Security Think Tank: Good training is all about context
Emma Bickerstaffe is a Principal Research Analyst with the Information Security Forum (ISF).
In-house or outsourced? What makes a good security training programme, and what questions should buyers ask when procuring training as a service?
Every organisation requires an impactful security training programme that hardwires employees to intuitively perform their roles securely.
No matter how advanced technological solutions become, human error and negligence will always be a prevailing risk that organisations must proactively mitigate.
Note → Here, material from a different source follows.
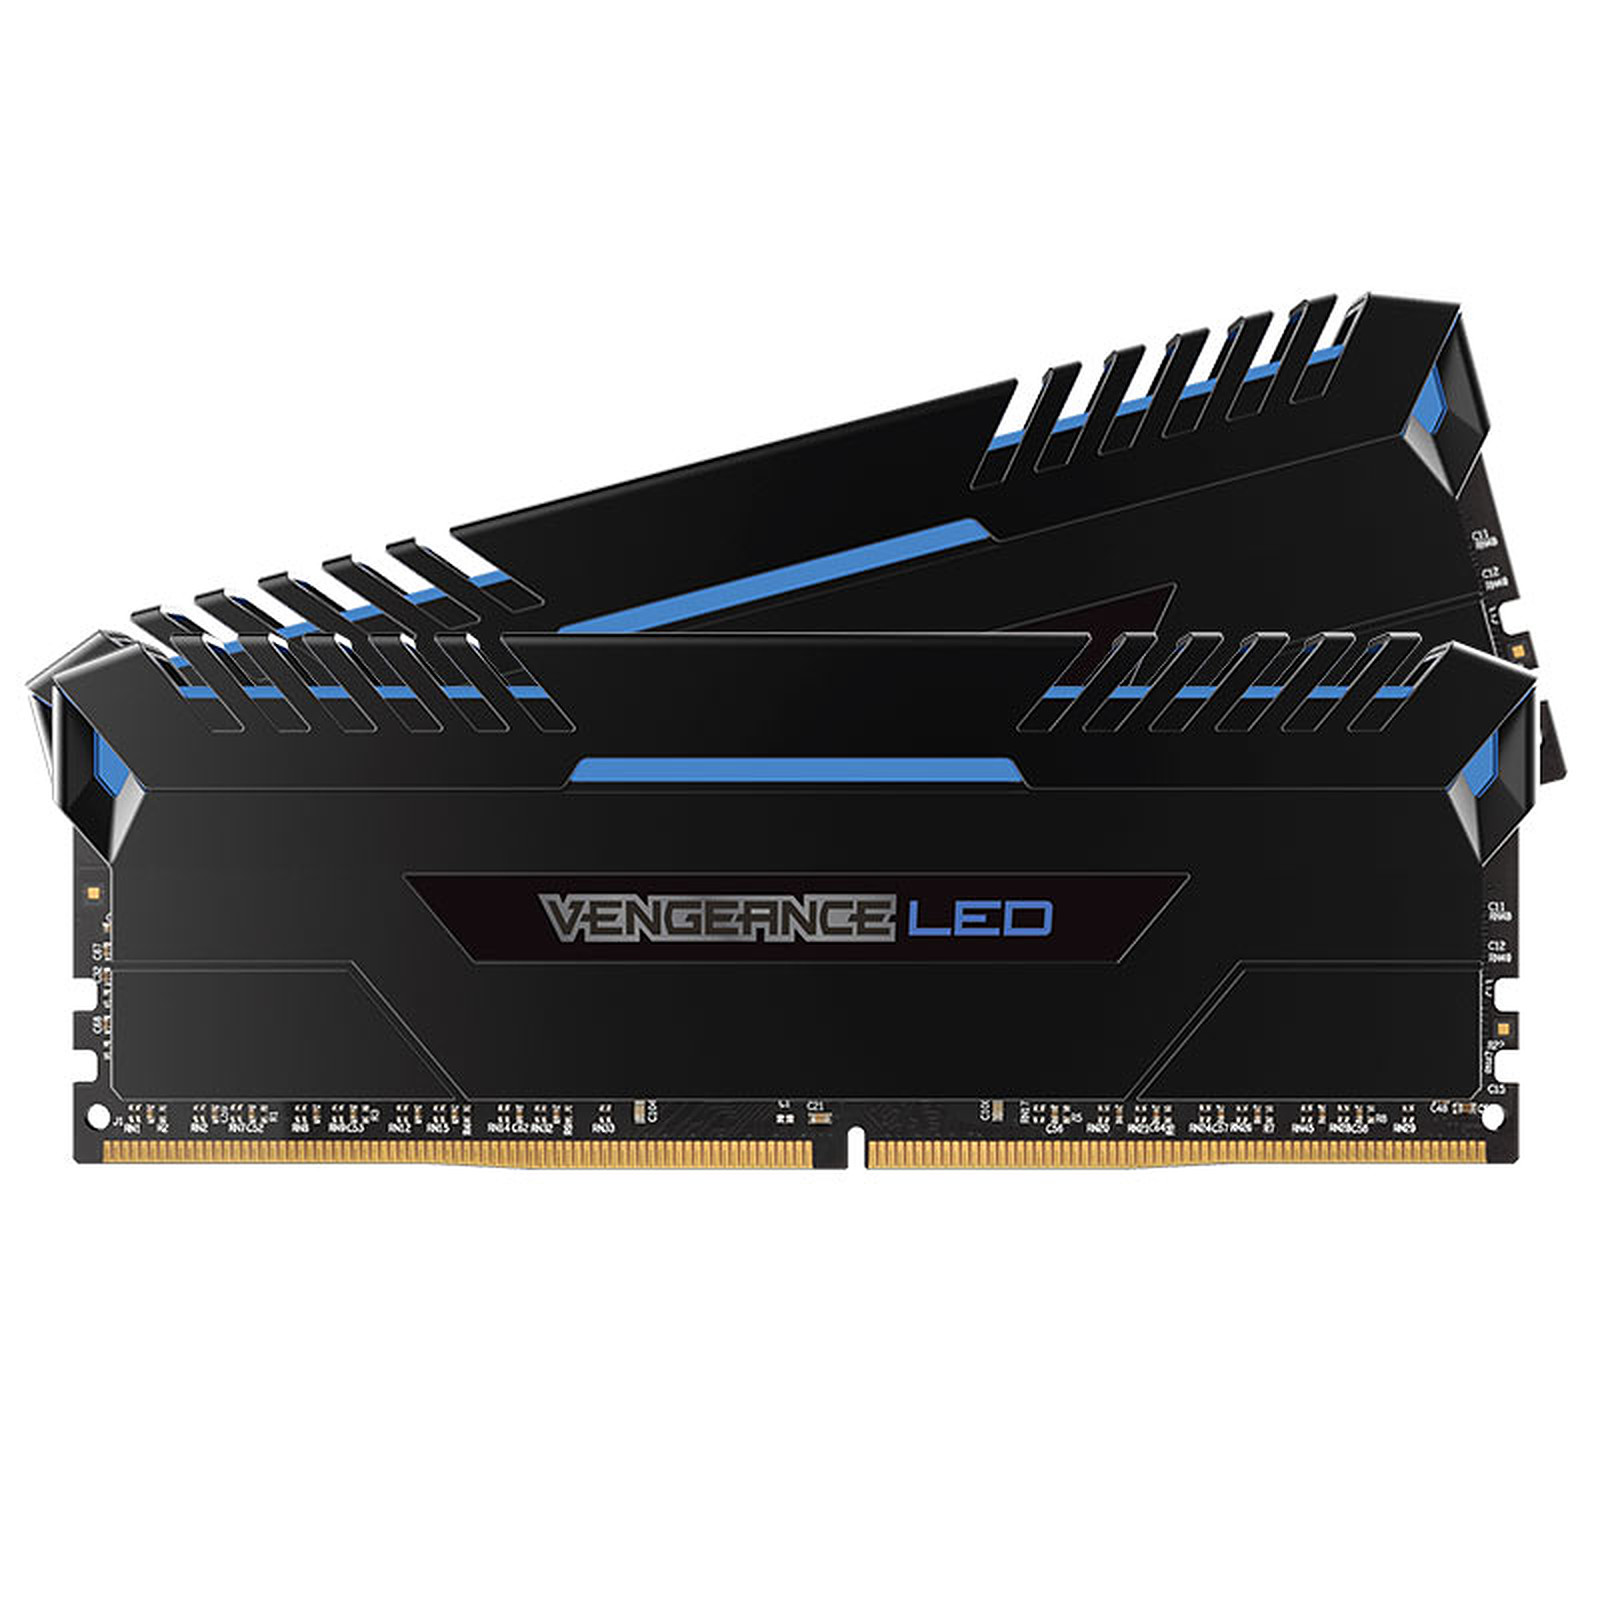 Corsair Vengeance LED Series 16GB (2x 8GB) DDR4 3000 MHz CL16 - Azul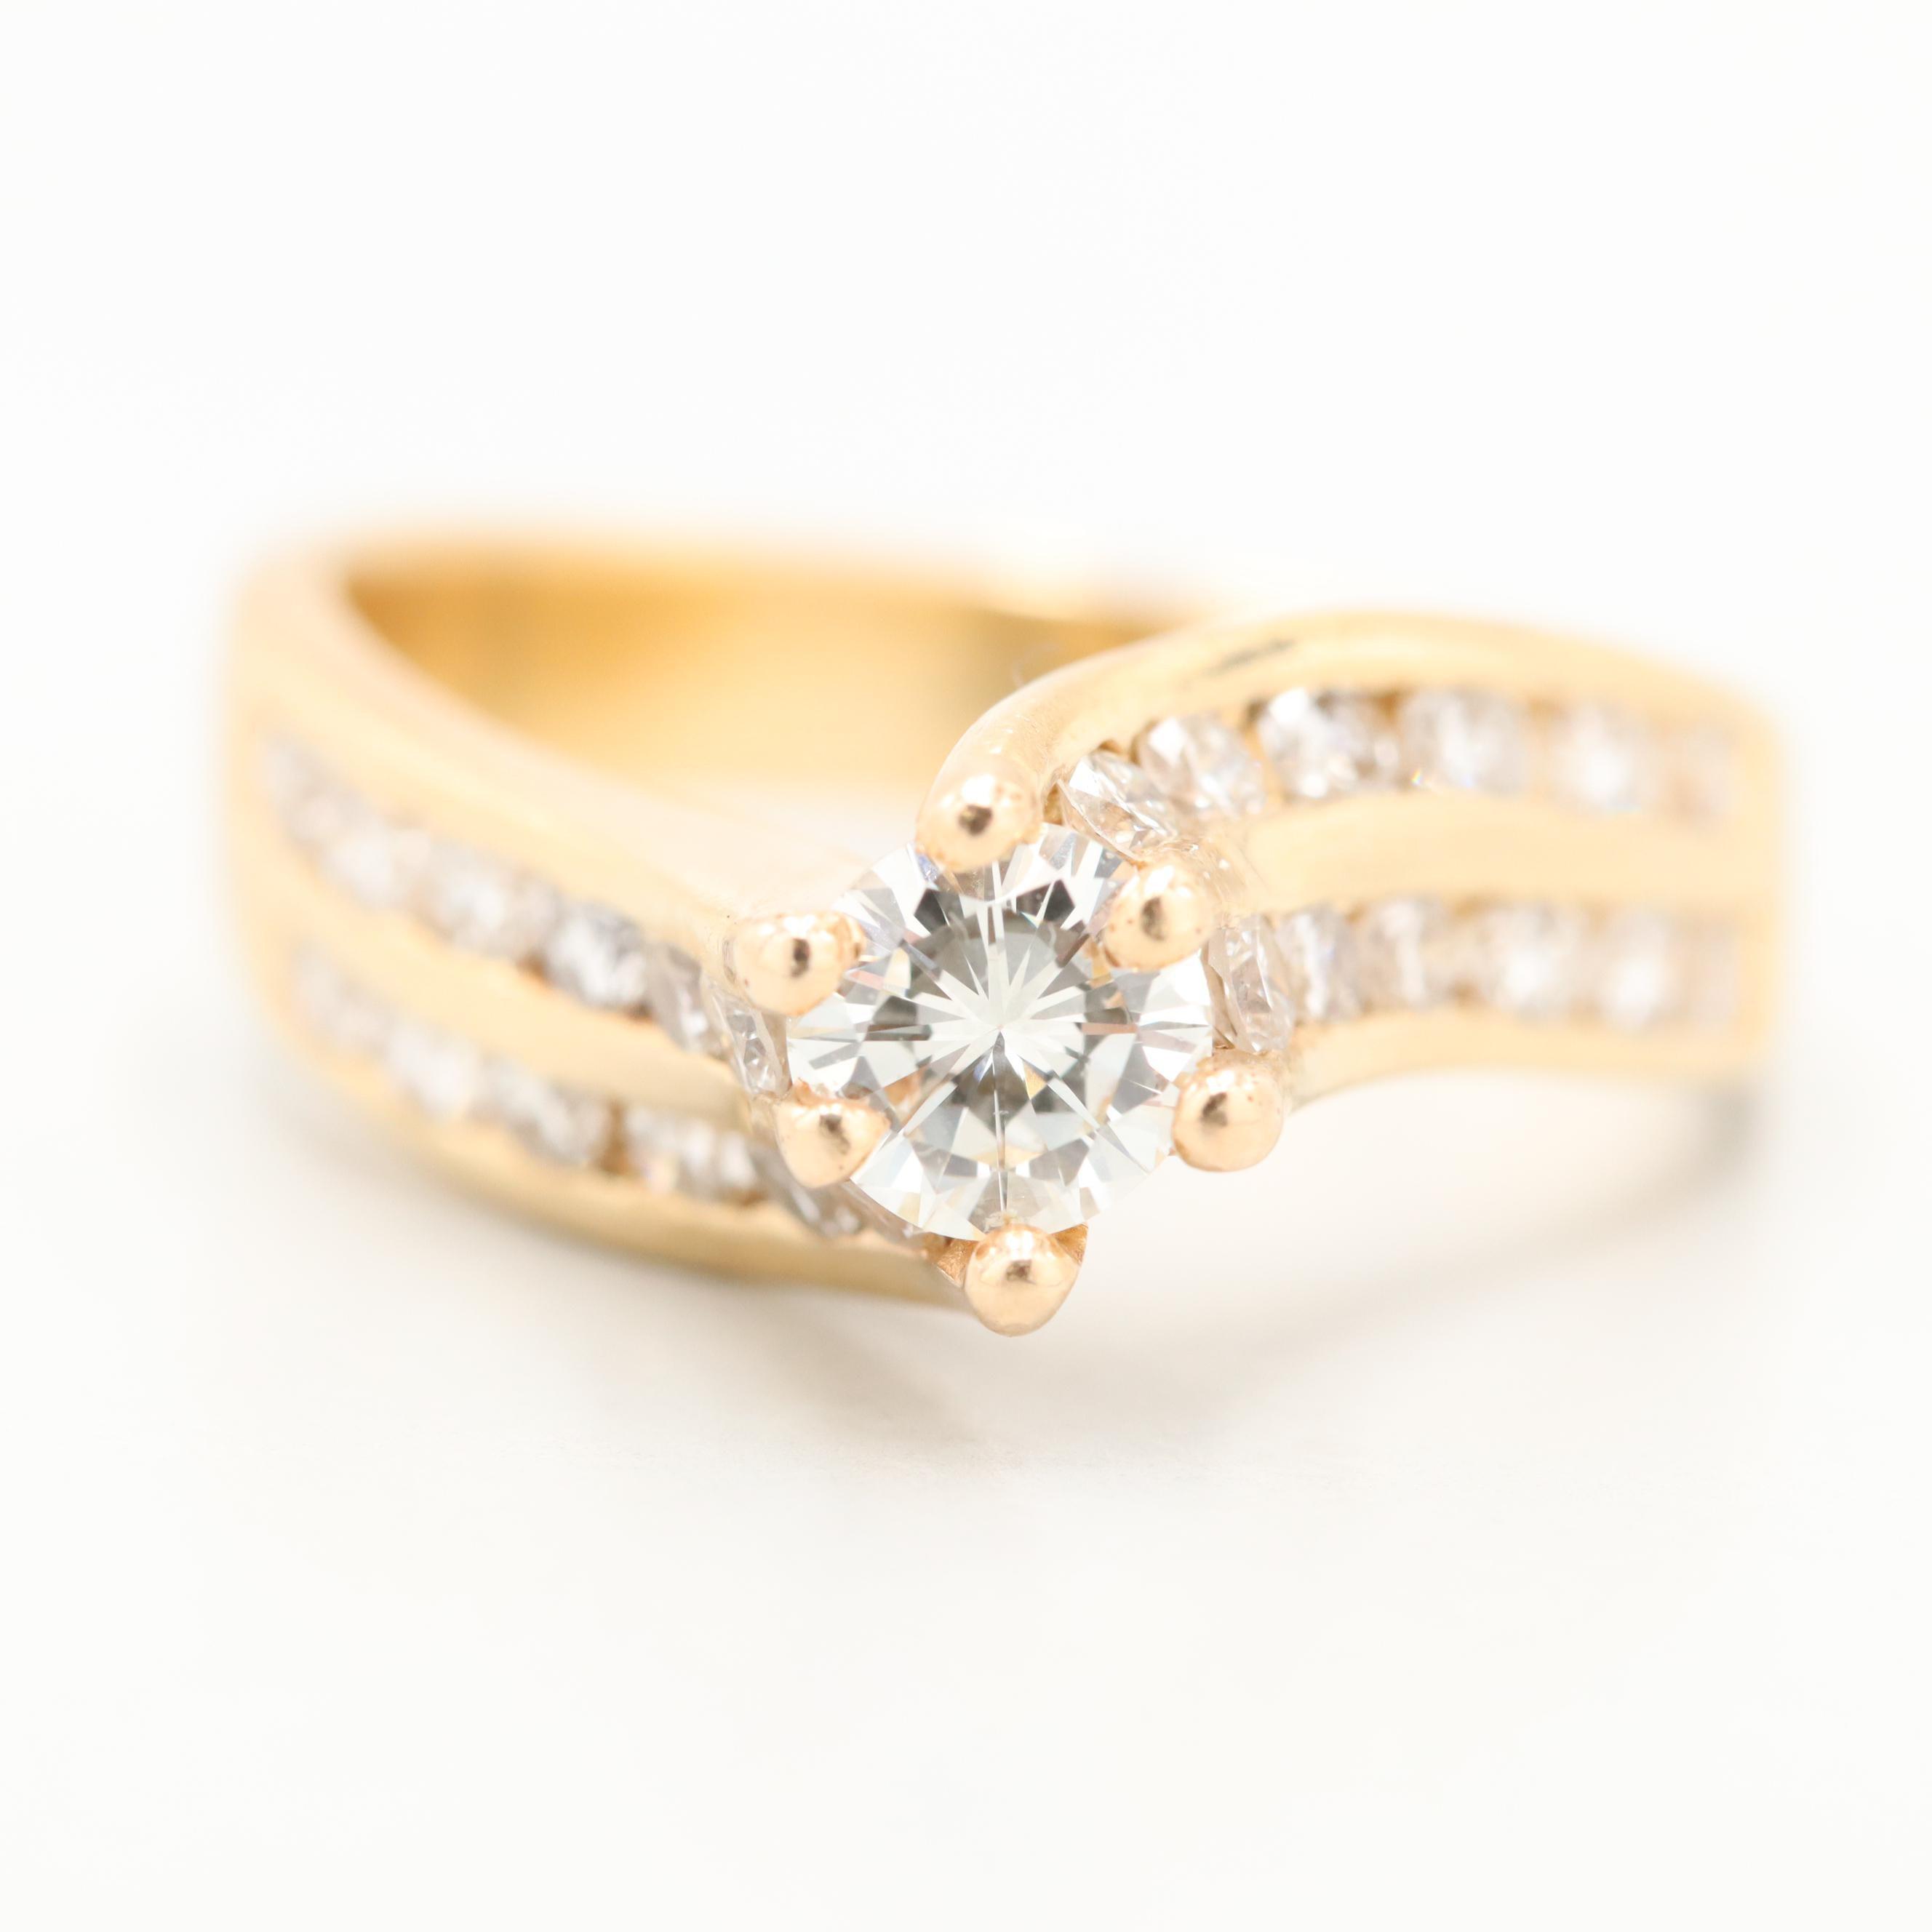 14K Yellow Gold 1.06 CTW Diamond Ring

Instilling and sustaining good security behaviour is a fundamental measure to prevent, identify and respond to security incidents caused by “the human factor”.
Whether such a programme should be developed and deployed in-house or outsourced to an external provider depends on the size and maturity of an organisation’s information security function. Even those organisations with the specialist expertise and resources necessary to develop and run a security training programme in-house may turn to training as a service as an input to their programme.
A security training programme should be designed to enable employees to identify cyber threats and report actual or suspected security incidents. It should not be delivered in isolation, but as a holistic programme based on psychological theory, which combines security education, training and awareness (commonly known as SETA) with practical initiatives that guide employees to make the right security decisions.
Developing systems, applications and processes in a way that promotes secure behaviour but does not hinder productivity (e.g. through visual cues or audio prompts) enables employees to proactively apply their learnings from SETA. Importantly, it also reminds them of the options available to them.
When procuring training as a service, buyers need to move away from a compliance-focused mindset to select a solution that is most applicable to the organisation’s specific context. Buyers can only know what solution they need if they understand the factors that are contributing to poor security behaviour.
A preliminary step is to establish the attitude of the workforce to security training (often linked to the corporate culture), the constraints imposed by security that employees dismiss as blockers to doing their job, and their general familiarity with secure practices. This analysis will put buyers in the best position to identify what they actually need in a training programme, so to select the solution that will work best for their organisation.
To be successful, a training programme must resonate with the audience; it must impart the desired knowledge, skills and competencies, and it must be conveyed in a stimulating manner that motivates employees to behave securely. Buyers should therefore consider whether the content is pitched at the right level – can it be tailored to specific roles and responsibilities, and how is that content delivered?